We leaned heavily on Jed’s blog post and started with the activity guides included in his post, modifying them a little to incorporate his thoughts on how the lesson could be improved and our learning goals.
I like having students select a team name because it forces them to talk to each other before they being working with content. It increases collaboration and breaks down barriers with a safe opening topic for conversation.
Given the image below, use Mr. R to estimate the height of the flagpole. This led to students getting rulers and measuring on the image and a rich discussion on whether 4 inches is the same as 0.4 feet.
Discussion
Eric: What are some ways we could find the height of the flagpole?
student: climb up the flagpole?
student: find the angle?
Eric: What angle?
student: The angle of elevation?
Eric: Where does the angle of elevation go (sketches diagram)?
student: Do we know how tall Ken is?
student: Are we Ken in this situation?
Eric: What can we measure?
student: You could measure the distance from the flagpole to the person.
student: We could use that angle tool thing that Mrs. B carries around.

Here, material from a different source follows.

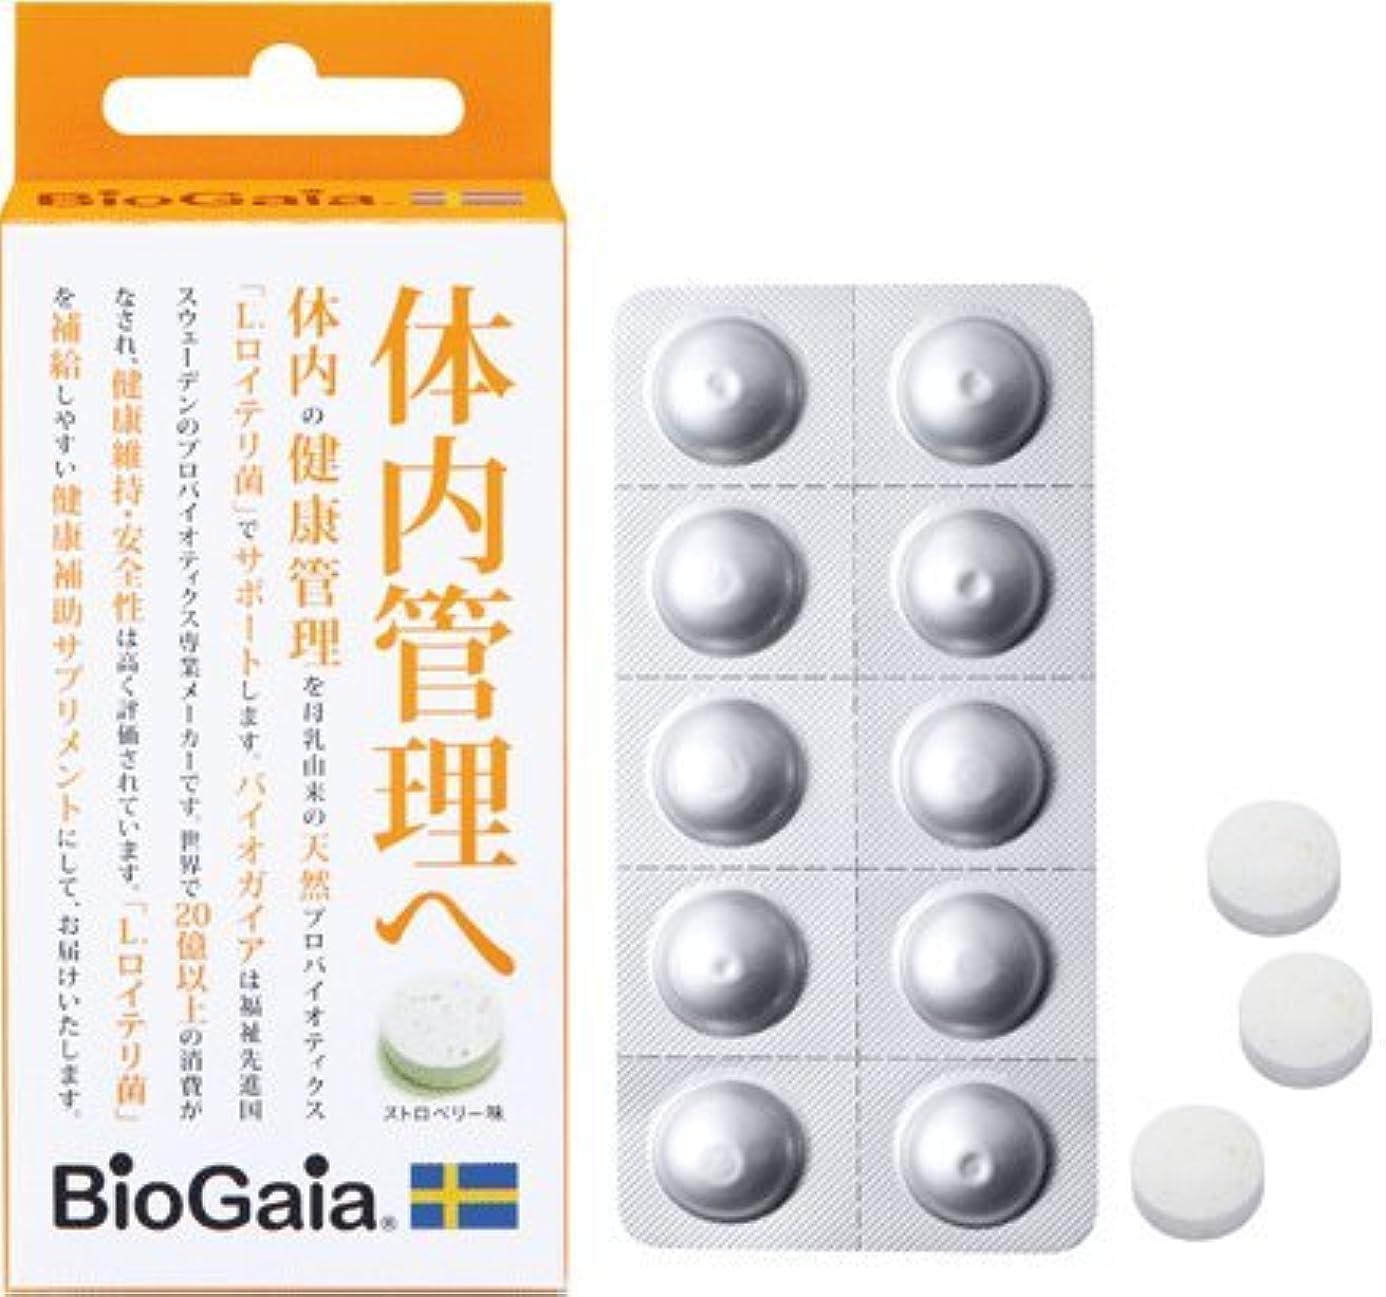 ビジネス程度示す体内管理 生きる乳酸菌(Lロイテリ菌) 30粒 ストロベリー味

student: oooohhhhhh. yeah.
Eric: How could we use that? What else would we need to measure? Would we all have the same measurements?
student: The adjacent!
student: The hypotenuse!
student: oh! So we could use tangent.
Eric: I want you to measure two different times, switching roles. Why do you think we should do it twice?
student: To see if we get the same answer?
Eric: Will we all get the same answer?
Student: No.
Eric Why not?
student: Because it is not exact, but they should be really close.
Eric: Work with your group and make a plan before we go outside.
4. Measure & Calculate
Outside measurements, then back in for calculations, using this sheet from Jed Butler’s description as a guide.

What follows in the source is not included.